1.    ENGAGEMENT AND RESPONSIBILITIES

      (a) Upon the terms and subject to the conditions set forth in this
Agreement, the Company hereby engages Consultant as a consultant, and Consultant
hereby accepts such engagement.

      (b) Consultant hereby agrees that all duties and responsibilities of
Consultant set forth in this Agreement shall be performed by Rupert
Galliers-Pratt ("GALLIERS-PRATT").

      (c) Galliers-Pratt shall have the title of Chief Executive Officer.

      (d) Galliers-Pratt shall devote all of his business time, energy and
efforts to the business of the Company and will use his best efforts and
abilities faithfully and diligently to promote the Company's business interests.
Galliers-Pratt's duties and responsibilities shall be those incident to those
which are normally and customarily vested in the office of chief executive
officer of a corporation.
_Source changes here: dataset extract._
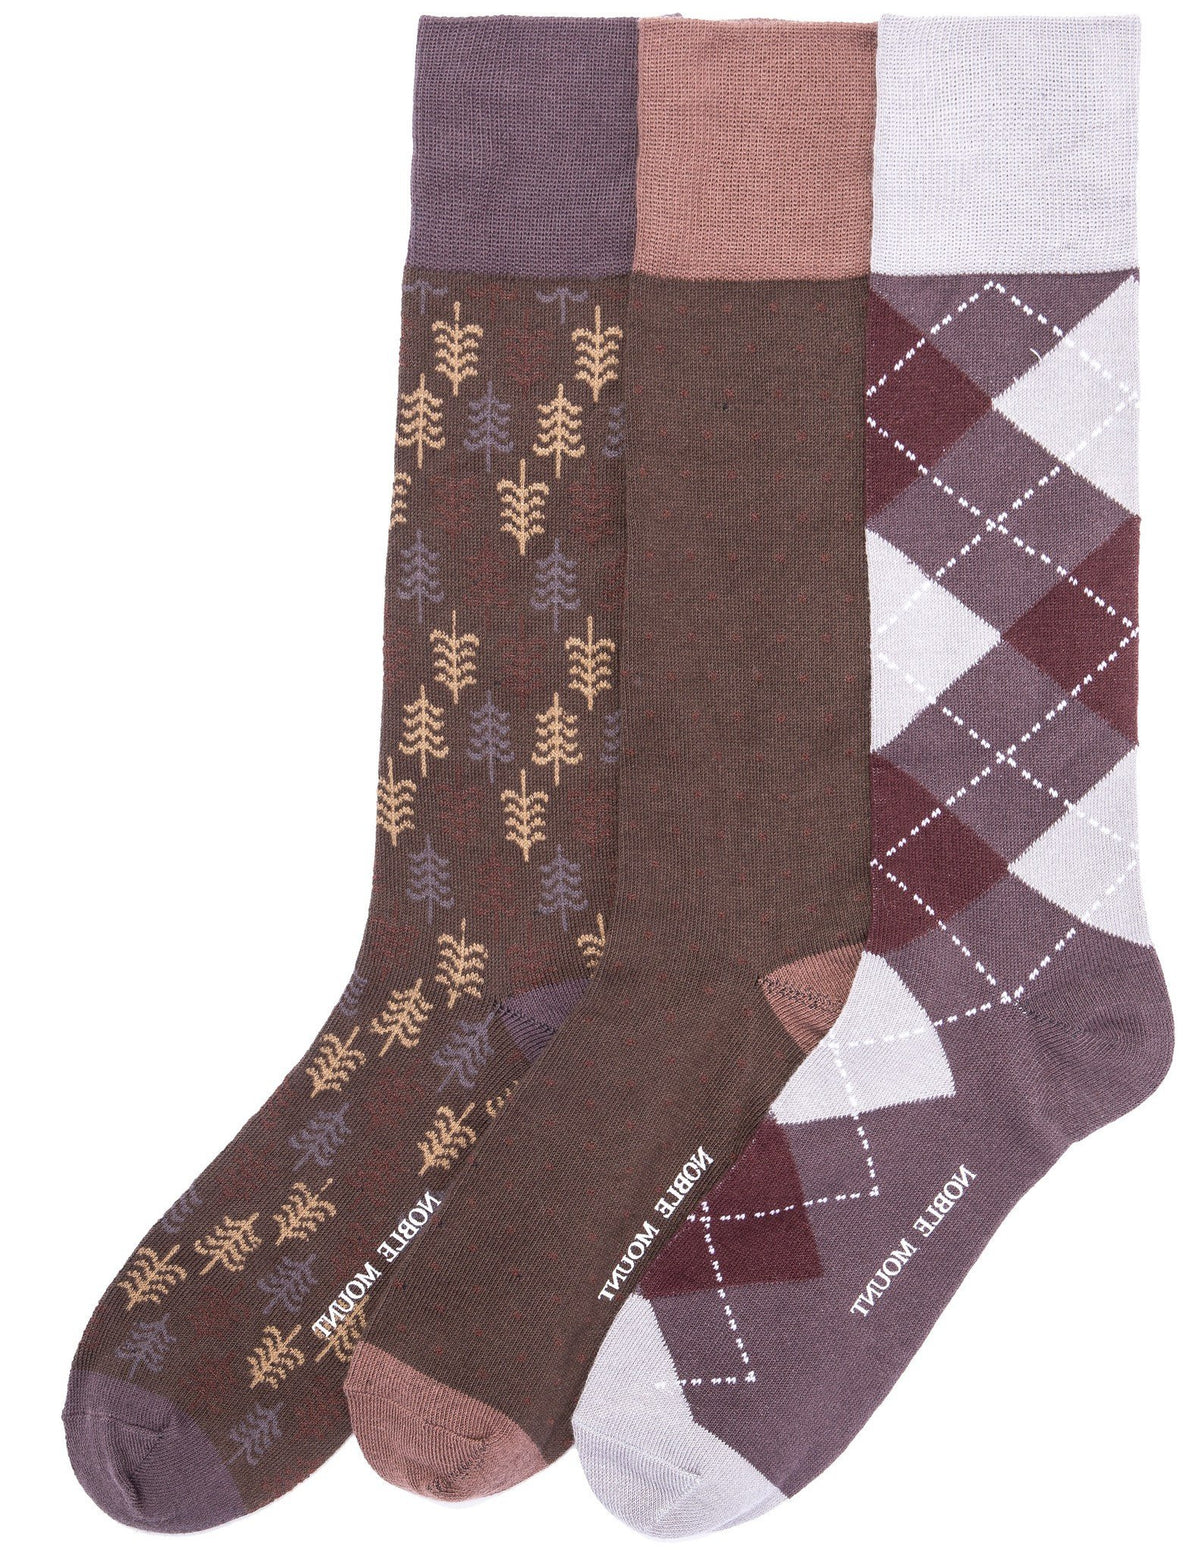 Men's Combed Cotton Dress Socks 3-Pack - Set C6

In addition, Galliers-Pratt's duties shall include
those duties and services for the Company and its affiliates as the Board shall,
in its sole and absolute discretion, from time to time reasonably direct which
are not inconsistent with Galliers-Pratt's position described in Section 1(c).
Notwithstanding the foregoing, but subject to Section 1(e) of this Agreement,
Galliers-Pratt shall be permitted to serve on the Board of Directors of, or in a
similar capacity with, other Persons and to manage his personal investments.

      (e) For so long as Consultant is engaged by the Company, neither
Consultant nor Galliers-Pratt shall, directly or indirectly, either as an
employee, employer, consultant, agent, investor, principal, partner, stockholder
(except as the holder of less than 5% of the issued and outstanding stock of a
publicly held corporation), corporate officer or director, or in any other
individual or representative capacity, engage or participate in any business
that is in competition in any manner whatsoever with the business of the Company
Group, as such businesses are now or hereafter conducted.

2.    DEFINITIONS

      "BOARD" shall mean the Board of Directors of the Company.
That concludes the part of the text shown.